If The Diary of a Rapist then is also a record of the failure of the American dream (”See American white with maggots, red with blood, blue with hypocrisy”), it is one which presents its case in full flood and with not much subtlety. On the one hand almost every line is quotable and in its right place; on the other hand they all seem very much the same and (again as with Patrick Bateman or Bob Slocum) there is not much that one would call character development. I can imagine many readers finding the whole conceit so repellent that they would abandon the book quickly. We do however get the occasional flicker of sympathy when we see Summerfield struggling to attain normality:

Decent life waiting for me twenty minutes from here. It’s that close! It’s that close to me and I can’t get to it.

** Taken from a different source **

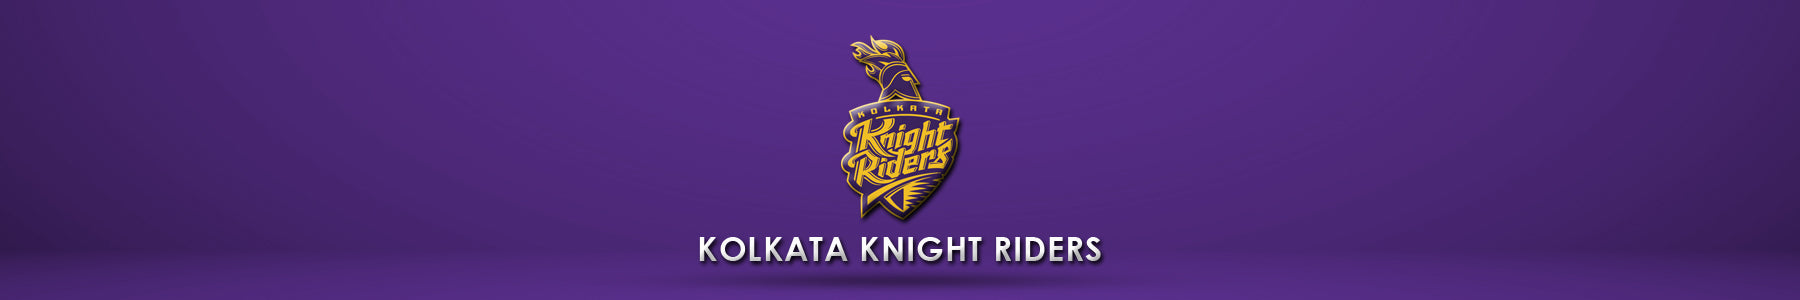 Kolkata Knight Riders Banner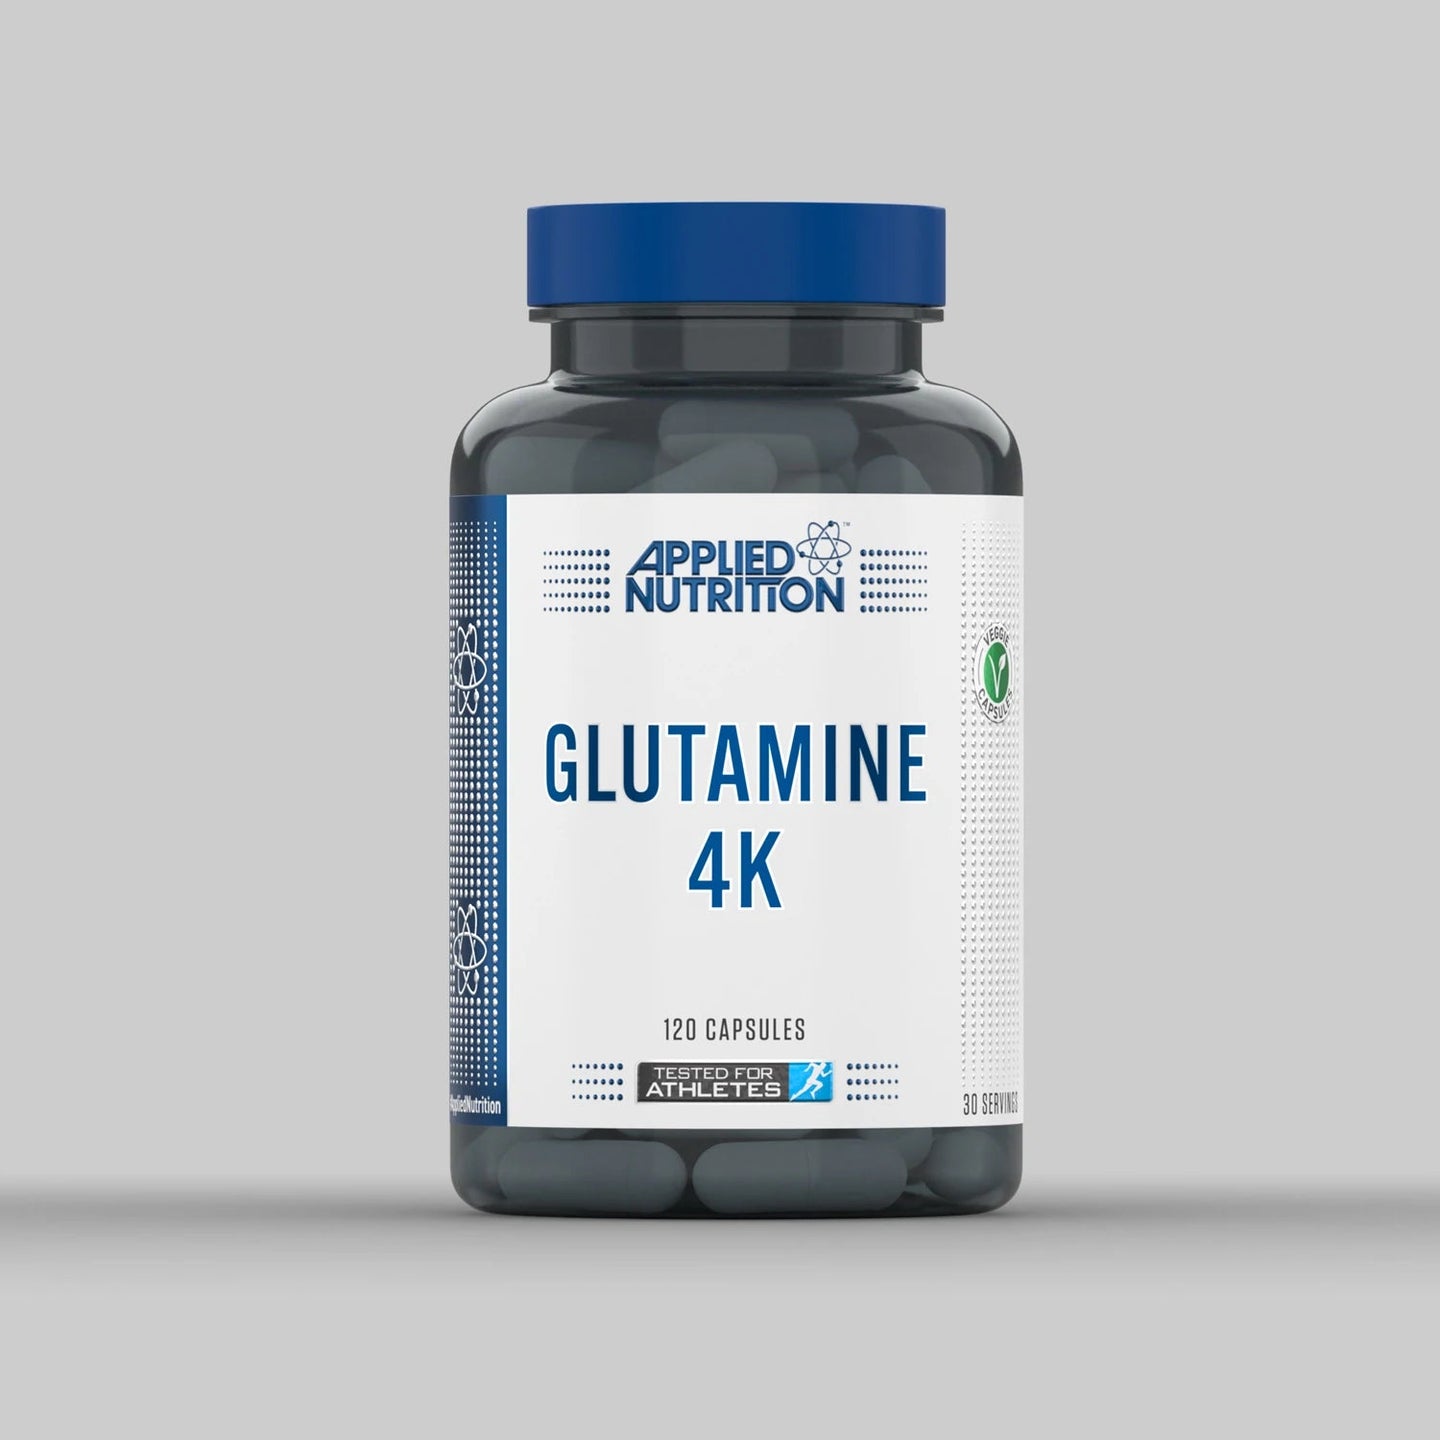 Applied Nutrition Glutamine 4K - 120 Capsules

Normality is impossible for him however, as I realized when wondering why Connell had decided to make Summerfield just 26 years old when his voice is that of a much older, worn-down and weary man. This must be so that we can’t presume he is an otherwise normal man who has been beaten by life once too often. At 26, he hasn’t experienced enough life to justify one percent of the bitterness and hatred he expresses. To verify this, Connell gives us a couple of flashbacks to Summerfield’s childhood, where he was exhibiting a taste for sexual violence even then. So we are to conclude that he must ’simply’ by unbalanced. If that is a tenuously optimistic thing to take from it, then grab it with both hands and run with it: it’s the only optimism you’re going to get around here.